I wanted to highlighted some text in a PDF document using R. I want to search a PDF document for some text and highlight the text if found. I searched for packages which could do this.

pdftools and pdfsearch are packages which help in handling PDF documents. These packages mainly handle converting pdf to text and doing any sort of manipulation.

Is there a way in which we can highlight a PDF document using R?

SBista
  • 7,479
  • 1
  • 27
  • 58
  • I don't think so. – lukeA Mar 08 '17 at 10:17
  • Maybe this helps: https://stackoverflow.com/questions/40288400/highlight-text-in-a-pdf-with-python – Martin Valgur Mar 08 '17 at 10:29
  • Thanks @MartinValgur. I'll see if there are better alternatives. Otherwise calling a python code from R would maybe solve my problem. – SBista Mar 08 '17 at 10:33
  • I ended up writing my own package to do this. If anyone needs this functionality its available on my [github page](https://github.com/Swechhya/pdfUtils). – SBista Oct 15 '17 at 14:54

1 Answers1

0

I was able to highlight some keywords in a PDF with the following code. There are four steps :

  1. Save wikipedia page to PDF;

  2. Convert the PDF to word document with the Word Software (There is an OCR!!);

  3. Highlight the keywords in the word document;

  4. Save the word document as PDF.

library(RDCOMClient)
library(DescTools)
library(pagedown)

#############################################
#### Step 1 : Save wikipedia page as PDF ####
#############################################
chrome_print(input = "https://en.wikipedia.org/wiki/Cat", 
             output = "C:\\Text_PDF_Cat.pdf")

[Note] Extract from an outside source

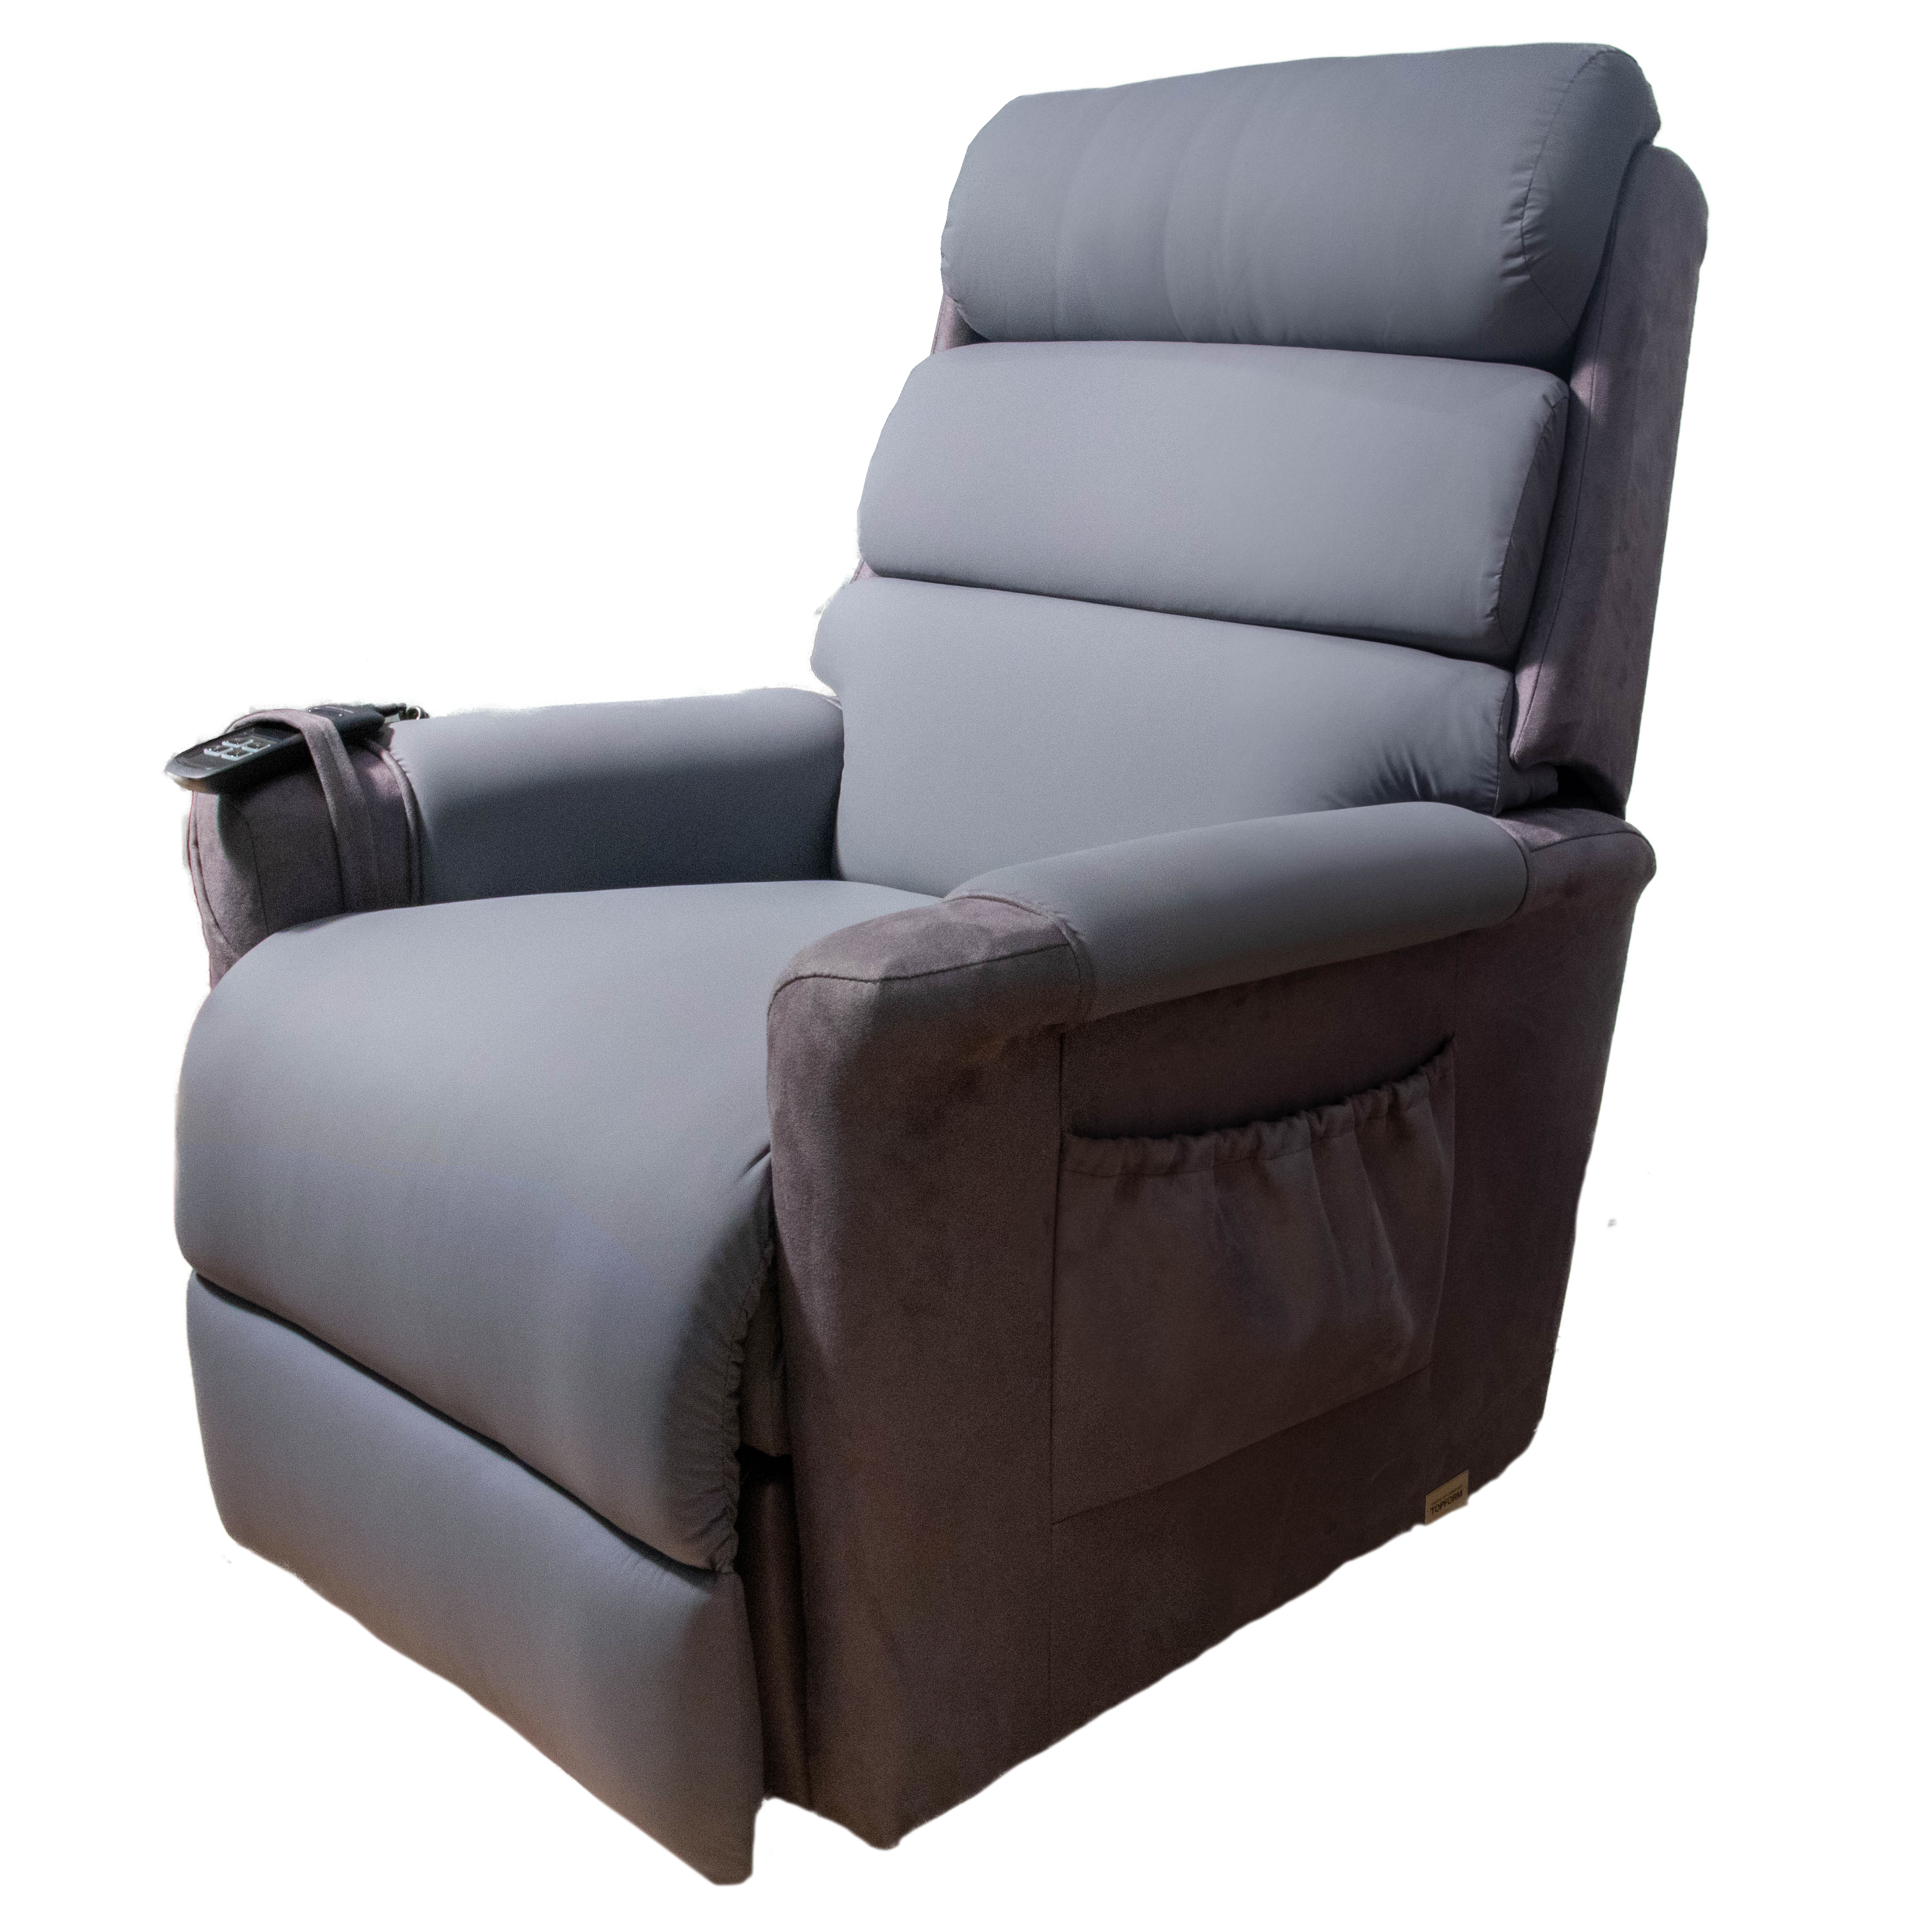 pressure care medical lift chair recliner especially beneficial for people with hight risk of pressure injuries

path_PDF <- "C:\\Text_PDF_Cat.pdf"
path_Word <- "C:\\Text_PDF_Cat.docx"

################################################################
#### Step 2 : Convert PDF to word document with OCR of Word ####
################################################################
wordApp <- COMCreate("Word.Application")
wordApp[["Visible"]] <- TRUE
wordApp[["DisplayAlerts"]] <- FALSE

doc <- wordApp[["Documents"]]$Open(normalizePath(path_PDF),
                                   ConfirmConversions = FALSE)

doc$SaveAs2(path_Word)
doc_Selection <- wordApp$Selection()

######################################################
#### Step 3 : Highlight keywords in word document ####
######################################################
move_To_Beginning_Doc <- function(doc_Selection)
{
  doc_Selection$HomeKey(Unit = wdConst$wdStory) # Need DescTools for wdConst$wdStory
}

highlight_Text_Regex_Word <- function(doc,
                                      doc_Selection,
                                      words_To_Highlight, 
                                      colorIndex = 7,
                                      nb_Max_Word = 100)
{
  for(i in words_To_Highlight)
  {
    move_To_Beginning_Doc(doc_Selection)
    
    for(j in 1 : nb_Max_Word)
    {
      doc_Selection$Find()$Execute(FindText = i, MatchCase = FALSE)
      doc_Selection_Range <- doc_Selection$Range()
      doc_Selection_Range[["HighlightColorIndex"]] <- colorIndex
    }
  }
}

highlight_Text_Regex_Word(doc, doc_Selection,
                          words_To_Highlight = c("cat", "domestic", "quick"), 
                          colorIndex = 7, nb_Max_Word = 100)
  
###############################################
#### Step 4 : Convert word document to pdf ####
###############################################
path_PDF_Highlighted <- "C:\\Text_PDF_Cat_Highlighted.pdf"
wordApp[["ActiveDocument"]]$SaveAs(path_PDF_Highlighted, FileFormat = 17) # FileFormat = 17 saves as .PDF
doc$Close()
wordApp$Quit() # quit wordApp

Emmanuel Hamel
  • 1,769
  • 7
  • 19